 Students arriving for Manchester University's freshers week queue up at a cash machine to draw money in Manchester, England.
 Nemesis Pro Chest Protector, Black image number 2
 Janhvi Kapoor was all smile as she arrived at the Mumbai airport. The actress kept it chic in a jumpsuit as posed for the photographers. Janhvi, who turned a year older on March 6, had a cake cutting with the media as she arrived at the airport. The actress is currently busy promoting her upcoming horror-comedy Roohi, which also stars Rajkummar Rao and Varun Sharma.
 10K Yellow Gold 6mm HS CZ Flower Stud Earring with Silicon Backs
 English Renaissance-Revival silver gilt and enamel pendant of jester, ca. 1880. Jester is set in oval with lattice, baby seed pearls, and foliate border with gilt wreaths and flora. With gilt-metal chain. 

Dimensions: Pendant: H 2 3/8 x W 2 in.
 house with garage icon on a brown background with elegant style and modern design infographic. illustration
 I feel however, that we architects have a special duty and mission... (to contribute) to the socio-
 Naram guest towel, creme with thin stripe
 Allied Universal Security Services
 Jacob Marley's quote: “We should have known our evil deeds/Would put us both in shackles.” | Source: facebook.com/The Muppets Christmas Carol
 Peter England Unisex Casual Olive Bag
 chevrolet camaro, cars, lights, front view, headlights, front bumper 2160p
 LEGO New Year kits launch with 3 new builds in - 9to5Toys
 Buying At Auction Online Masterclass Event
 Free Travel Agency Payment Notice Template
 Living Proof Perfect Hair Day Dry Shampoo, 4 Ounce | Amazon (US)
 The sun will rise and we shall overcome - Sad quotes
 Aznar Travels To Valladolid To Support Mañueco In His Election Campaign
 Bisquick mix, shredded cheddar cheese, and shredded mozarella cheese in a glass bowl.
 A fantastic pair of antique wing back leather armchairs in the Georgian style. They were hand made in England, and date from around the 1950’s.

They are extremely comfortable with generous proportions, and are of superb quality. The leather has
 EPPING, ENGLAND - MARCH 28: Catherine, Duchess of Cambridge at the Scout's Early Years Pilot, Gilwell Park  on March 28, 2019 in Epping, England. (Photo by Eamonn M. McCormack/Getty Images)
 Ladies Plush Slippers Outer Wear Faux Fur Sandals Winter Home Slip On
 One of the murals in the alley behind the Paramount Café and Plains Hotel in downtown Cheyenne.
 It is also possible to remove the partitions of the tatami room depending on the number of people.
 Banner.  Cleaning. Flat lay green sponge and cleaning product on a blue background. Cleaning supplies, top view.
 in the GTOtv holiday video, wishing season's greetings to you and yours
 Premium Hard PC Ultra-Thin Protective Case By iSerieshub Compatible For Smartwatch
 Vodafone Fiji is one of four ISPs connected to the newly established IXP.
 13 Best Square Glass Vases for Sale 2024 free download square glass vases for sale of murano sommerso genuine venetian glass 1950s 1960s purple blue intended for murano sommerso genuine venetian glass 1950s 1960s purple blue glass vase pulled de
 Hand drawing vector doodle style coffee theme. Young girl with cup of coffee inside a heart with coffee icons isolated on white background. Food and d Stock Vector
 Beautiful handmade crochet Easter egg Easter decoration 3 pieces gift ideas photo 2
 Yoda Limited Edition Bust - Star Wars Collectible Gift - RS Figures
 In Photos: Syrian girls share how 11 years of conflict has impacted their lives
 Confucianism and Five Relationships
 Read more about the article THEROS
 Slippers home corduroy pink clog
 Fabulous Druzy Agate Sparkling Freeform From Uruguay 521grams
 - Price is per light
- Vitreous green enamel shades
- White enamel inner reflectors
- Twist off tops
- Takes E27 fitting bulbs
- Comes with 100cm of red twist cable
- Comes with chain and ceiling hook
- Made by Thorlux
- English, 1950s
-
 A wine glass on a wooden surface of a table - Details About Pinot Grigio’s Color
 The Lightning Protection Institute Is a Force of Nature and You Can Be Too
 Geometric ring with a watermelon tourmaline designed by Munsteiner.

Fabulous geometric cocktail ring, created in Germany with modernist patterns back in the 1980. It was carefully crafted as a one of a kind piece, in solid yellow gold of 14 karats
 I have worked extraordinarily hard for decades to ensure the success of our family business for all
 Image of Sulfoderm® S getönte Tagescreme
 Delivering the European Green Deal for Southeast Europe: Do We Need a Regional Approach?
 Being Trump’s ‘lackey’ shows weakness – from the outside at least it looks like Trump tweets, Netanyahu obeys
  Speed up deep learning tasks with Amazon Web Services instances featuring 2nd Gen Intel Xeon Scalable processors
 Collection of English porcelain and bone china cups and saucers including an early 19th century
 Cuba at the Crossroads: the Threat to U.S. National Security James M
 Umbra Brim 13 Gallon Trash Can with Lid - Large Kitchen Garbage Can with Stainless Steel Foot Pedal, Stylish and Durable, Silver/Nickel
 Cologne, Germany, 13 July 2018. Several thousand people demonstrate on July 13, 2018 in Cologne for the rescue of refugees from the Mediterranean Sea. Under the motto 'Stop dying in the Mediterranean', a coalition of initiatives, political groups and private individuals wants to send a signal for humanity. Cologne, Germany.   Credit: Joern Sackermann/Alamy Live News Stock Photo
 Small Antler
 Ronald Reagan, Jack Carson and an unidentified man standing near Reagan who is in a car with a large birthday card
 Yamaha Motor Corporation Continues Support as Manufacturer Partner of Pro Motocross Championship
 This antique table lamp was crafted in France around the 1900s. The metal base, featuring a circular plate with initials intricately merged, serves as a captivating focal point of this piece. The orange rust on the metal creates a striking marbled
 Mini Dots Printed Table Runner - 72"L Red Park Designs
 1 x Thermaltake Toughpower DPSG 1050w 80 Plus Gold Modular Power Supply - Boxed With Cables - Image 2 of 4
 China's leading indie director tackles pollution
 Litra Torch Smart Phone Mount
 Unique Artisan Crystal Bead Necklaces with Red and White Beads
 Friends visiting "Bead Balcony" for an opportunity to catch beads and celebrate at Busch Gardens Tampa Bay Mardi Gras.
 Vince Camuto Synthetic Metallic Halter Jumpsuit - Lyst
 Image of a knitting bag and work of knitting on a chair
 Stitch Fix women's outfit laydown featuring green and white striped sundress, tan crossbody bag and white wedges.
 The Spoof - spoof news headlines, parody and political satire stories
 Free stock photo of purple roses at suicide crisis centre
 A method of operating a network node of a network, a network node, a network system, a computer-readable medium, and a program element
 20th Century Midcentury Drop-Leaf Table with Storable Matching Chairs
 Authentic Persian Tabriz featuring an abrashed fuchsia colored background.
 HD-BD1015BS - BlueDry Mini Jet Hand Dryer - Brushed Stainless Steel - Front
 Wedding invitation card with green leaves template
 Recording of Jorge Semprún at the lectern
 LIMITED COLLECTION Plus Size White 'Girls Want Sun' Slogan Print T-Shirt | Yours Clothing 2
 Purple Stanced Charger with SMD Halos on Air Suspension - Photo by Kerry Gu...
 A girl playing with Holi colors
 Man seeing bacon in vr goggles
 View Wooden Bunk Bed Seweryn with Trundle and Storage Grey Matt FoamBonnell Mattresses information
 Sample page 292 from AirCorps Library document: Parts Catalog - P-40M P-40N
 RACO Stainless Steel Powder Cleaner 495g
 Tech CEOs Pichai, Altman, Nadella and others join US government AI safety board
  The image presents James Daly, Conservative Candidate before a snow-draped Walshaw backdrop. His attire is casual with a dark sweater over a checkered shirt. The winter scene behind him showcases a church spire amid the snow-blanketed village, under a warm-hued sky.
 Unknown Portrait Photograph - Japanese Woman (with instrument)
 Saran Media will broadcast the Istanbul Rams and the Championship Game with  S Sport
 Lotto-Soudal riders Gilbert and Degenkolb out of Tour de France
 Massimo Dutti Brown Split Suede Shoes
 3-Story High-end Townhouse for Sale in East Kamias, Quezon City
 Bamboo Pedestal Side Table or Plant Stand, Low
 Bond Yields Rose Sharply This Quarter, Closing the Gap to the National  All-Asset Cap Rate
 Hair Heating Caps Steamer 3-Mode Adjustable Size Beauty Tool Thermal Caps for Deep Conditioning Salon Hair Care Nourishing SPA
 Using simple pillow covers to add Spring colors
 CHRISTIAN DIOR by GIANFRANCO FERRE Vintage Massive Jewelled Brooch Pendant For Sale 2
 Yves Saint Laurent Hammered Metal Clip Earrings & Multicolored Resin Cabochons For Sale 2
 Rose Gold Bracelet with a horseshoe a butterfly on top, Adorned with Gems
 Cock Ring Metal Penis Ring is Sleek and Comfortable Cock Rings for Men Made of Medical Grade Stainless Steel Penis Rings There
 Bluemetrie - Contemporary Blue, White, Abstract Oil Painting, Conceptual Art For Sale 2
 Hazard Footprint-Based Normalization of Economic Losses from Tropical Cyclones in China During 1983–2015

##############################

Starting with the first line of the records, repeat every line up to and including the one containing "The sun will", and nothing else.

 Students arriving for Manchester University's freshers week queue up at a cash machine to draw money in Manchester, England.
 Nemesis Pro Chest Protector, Black image number 2
 Janhvi Kapoor was all smile as she arrived at the Mumbai airport. The actress kept it chic in a jumpsuit as posed for the photographers. Janhvi, who turned a year older on March 6, had a cake cutting with the media as she arrived at the airport. The actress is currently busy promoting her upcoming horror-comedy Roohi, which also stars Rajkummar Rao and Varun Sharma.
 10K Yellow Gold 6mm HS CZ Flower Stud Earring with Silicon Backs
 English Renaissance-Revival silver gilt and enamel pendant of jester, ca. 1880. Jester is set in oval with lattice, baby seed pearls, and foliate border with gilt wreaths and flora. With gilt-metal chain. 

Dimensions: Pendant: H 2 3/8 x W 2 in.
 house with garage icon on a brown background with elegant style and modern design infographic. illustration
 I feel however, that we architects have a special duty and mission... (to contribute) to the socio-
 Naram guest towel, creme with thin stripe
 Allied Universal Security Services
 Jacob Marley's quote: “We should have known our evil deeds/Would put us both in shackles.” | Source: facebook.com/The Muppets Christmas Carol
 Peter England Unisex Casual Olive Bag
 chevrolet camaro, cars, lights, front view, headlights, front bumper 2160p
 LEGO New Year kits launch with 3 new builds in - 9to5Toys
 Buying At Auction Online Masterclass Event
 Free Travel Agency Payment Notice Template
 Living Proof Perfect Hair Day Dry Shampoo, 4 Ounce | Amazon (US)
 The sun will rise and we shall overcome - Sad quotes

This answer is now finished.